La manière brutale et irréfléchie de nous imposer une augmentation drastique au mois d’août[1]a constitué une agression sans précédent contre les écoles privées et a laissé ces écoles dans la tourmente. Les responsables politiques ont très mal géré ce dossier et n’ont pas pris en compte les intérêts élémentaires de l’ensemble de la population. D’un côté, ils ont voté hâtivement la loi 46 sans prévoir ses conséquences désastreuses sur les parents d’élèves, de l’autre, ils ont laissé le champ libre au syndicat des enseignants d’interpréter la loi à sa manière et de paralyser les écoles par une série de grèves pour accélérer le paiement de l’augmentation. À travers les médias, une guerre sans précédent a été livrée contre les écoles catholiques, faisant porter à ces écoles la responsabilité de tous les maux du pays… À entendre les médias parler du dossier scolaire, on croirait que les écoles catholiques sont responsables de la crise économique, du déplacement des Libanais et de toutes sortes de maux financiers du pays. Il s’est avéré que le premier souci de nos responsables politiques était la victoire aux prochaines élections législatives où les professeurs exerceraient, d’après eux, une grande influence. Selon leurs calculs politiques, les parents d’élèves, dont le nombre dépasse au moins dix fois l’ensemble du corps professoral, n’auraient aucune influence réelle sur ces fameuses élections ! Je peux témoigner et dire que nous n’avons trouvé aucun député ou responsable pour nous aider vraiment à traverser la crise… Beaucoup de promesses nous ont été faites ; aucune action réelle n’a été entreprise ! Le secteur privé au Liban a été livré à lui-même… comme si nous n’avions pas de responsables politiques capables de défendre la noble mission de l’éducation au Liban. Ils sont incapables de voir les effets historiques irréversibles sur la qualité de l’éducation et sur la population qui en profitera.

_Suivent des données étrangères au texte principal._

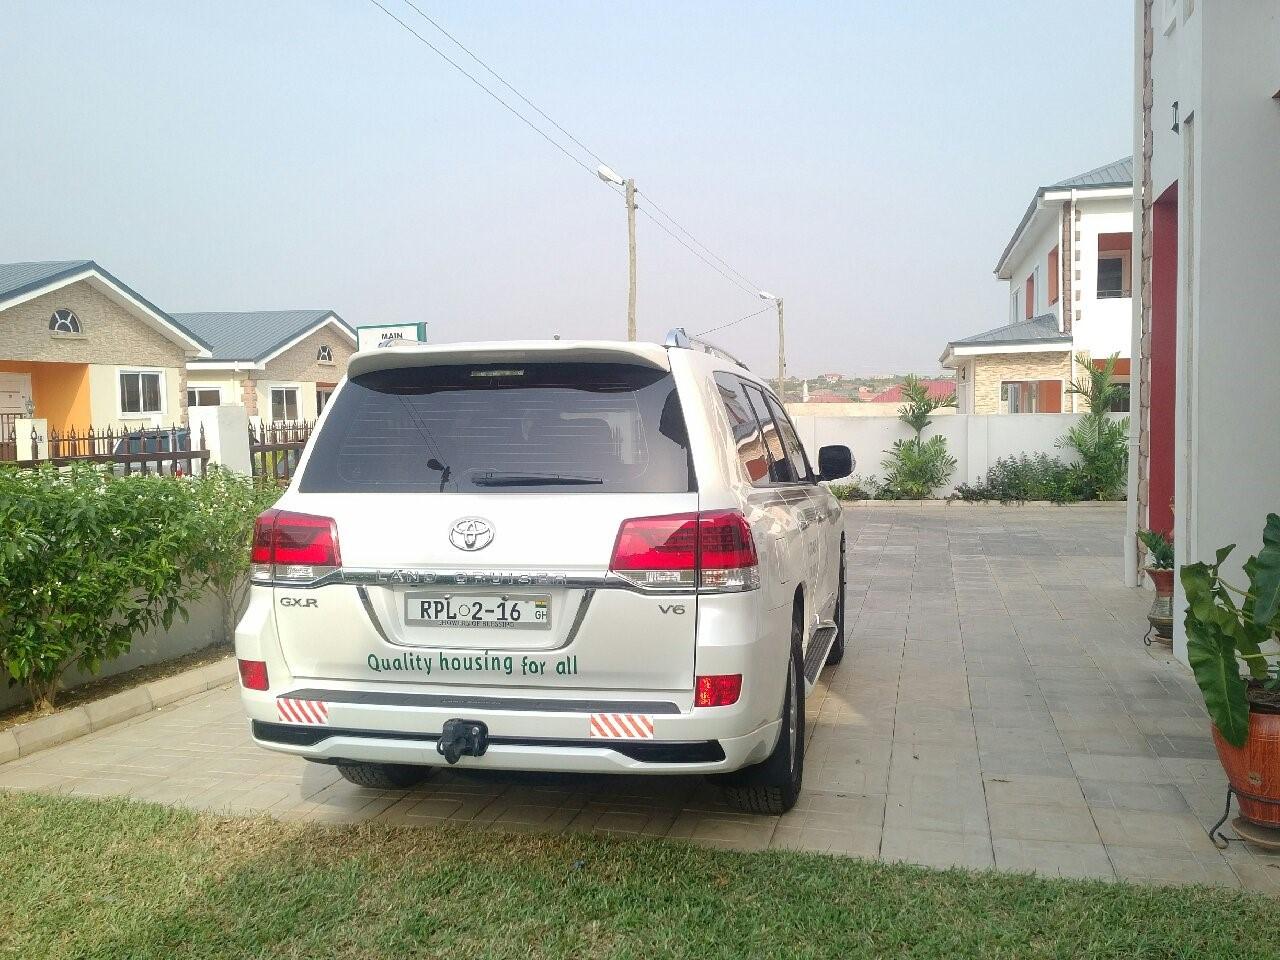 RPL vehicle

Chers parents, l’éducation assurée par l’école privée a fait tout simplement le Liban. Une école comme Jamhour a été fondée à Ghazir en 1850, soixante-dix ans avant la déclaration du Grand Liban. La crise actuelle met en danger toutes les écoles comme Jamhour, en particulier les écoles catholiques dont la mission est avant tout l’éducation offerte à tous. D’après les études menées par un ensemble d’experts scolaires, 150 des 317 écoles catholiques seraient menacées de fermeture. Il s’agit de petites écoles de moins de 400 élèves et qui se trouvent dans les zones périphériques du pays. Même les grandes écoles comme Jamhour ne sont pas à l’abri de ce danger. Dans le meilleur des cas, elles risquent de devenir des écoles réservées à une classe sociale privilégiée… alors que nous avons toujours voulu que Jamhour soit une école où les élèves de toute couche sociale se rencontrent, vivent ensemble, et forment une véritable communauté. C’est le même esprit qui anime nos 2320 écoles jésuites de par le monde[2]. Avec cette attitude irresponsable à l’égard de nos écoles, Jamhour, comme toutes les écoles catholiques du pays, risque d’être réservé à une minorité d’élèves, aux « happy few » ! C’est pourquoi les Jésuites se posent sérieusement la question de savoir quel sens il y aurait à conserver une école qui ne serait pas animée par leur esprit d’ouverture, leur tradition pédagogique et le souci de leur mission. Contrairement à ce que beaucoup pensent, une institution phare comme le CNDJ/CSG est loin de voir son avenir garanti, je ne parle pas en termes de décennies mais en termes de mois !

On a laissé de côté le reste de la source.